エイトール・ディマス・バルボーザという人物により発見されました。7年かけて四箇所を探索した結果、新種のトルマリン(パライバトルマリン)の発見に至ったといわれています。
そして、その新種のトルマリン(エルバイト)をリオやサンパウロの宝石商に持ち込みましたが、最初は全く相手にされませんでした。
そこでエイトールさんは1990年に直接、世界へ売り込む作戦をとり、アメリカのアリゾナ州ツーソンショーへ出品しました。
最初100ドルで出品したパライバトルマリンはその美しさから数日で20倍の価格に上がったといわれています。
その後、更にパライバトルマリンの評価が高まったことで、15年以上に渡りバターリャ鉱山を銃で襲撃する連中が後を絶たななくなり、鉱山付近は24時間体制で双眼鏡と銃を持ち監視する体制を整えなければならない状況になったとのことです。

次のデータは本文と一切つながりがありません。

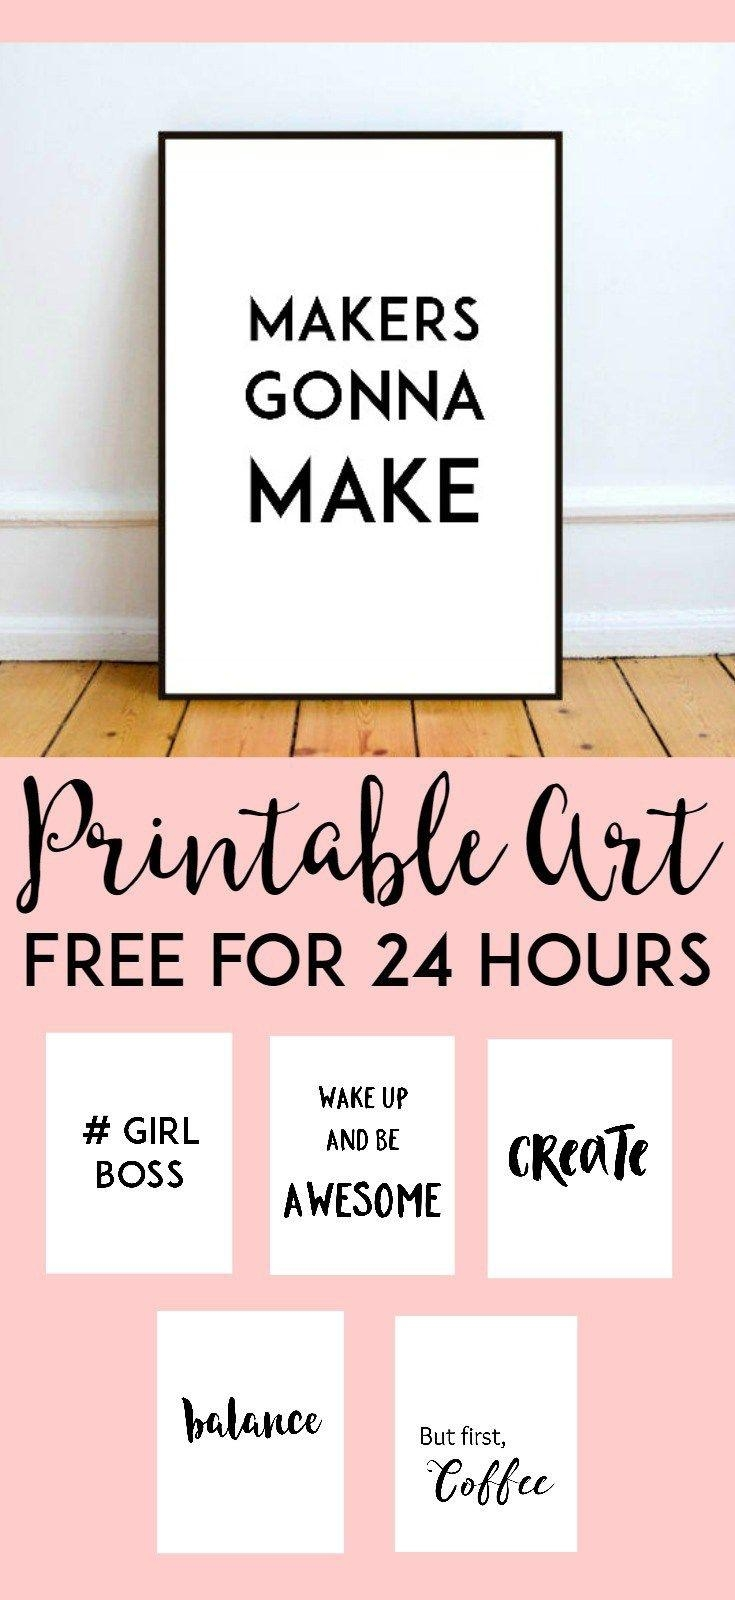 Best 25+ Inspirational Wall Art Ideas On Pinterest | Free Pertaining To Inspirational Wall Art For Office (Image 4 of 20)

高品質なパライバトルマリンが多く採れたのは1990年代の初め頃です。現在、鉱床は枯渇しています。
備考
パライバトルマリンの色(ネオンブルー ~ グリーン)の美しさは「銅(Cu)と酸化クロム(Cr)との奇跡のコラボ」といったような解説が幾数かの書籍やウェブサイトで見受けられますが、酸化クロムは関係がないという意見もあります。
参考URL:http://plaza.rakuten.co.jp/kazuw01/diary/200906200005/
確かに海外の鉱物・宝石関連の専門書の中で「酸化クロムの含有」について記載している書物に出会ったことはありません。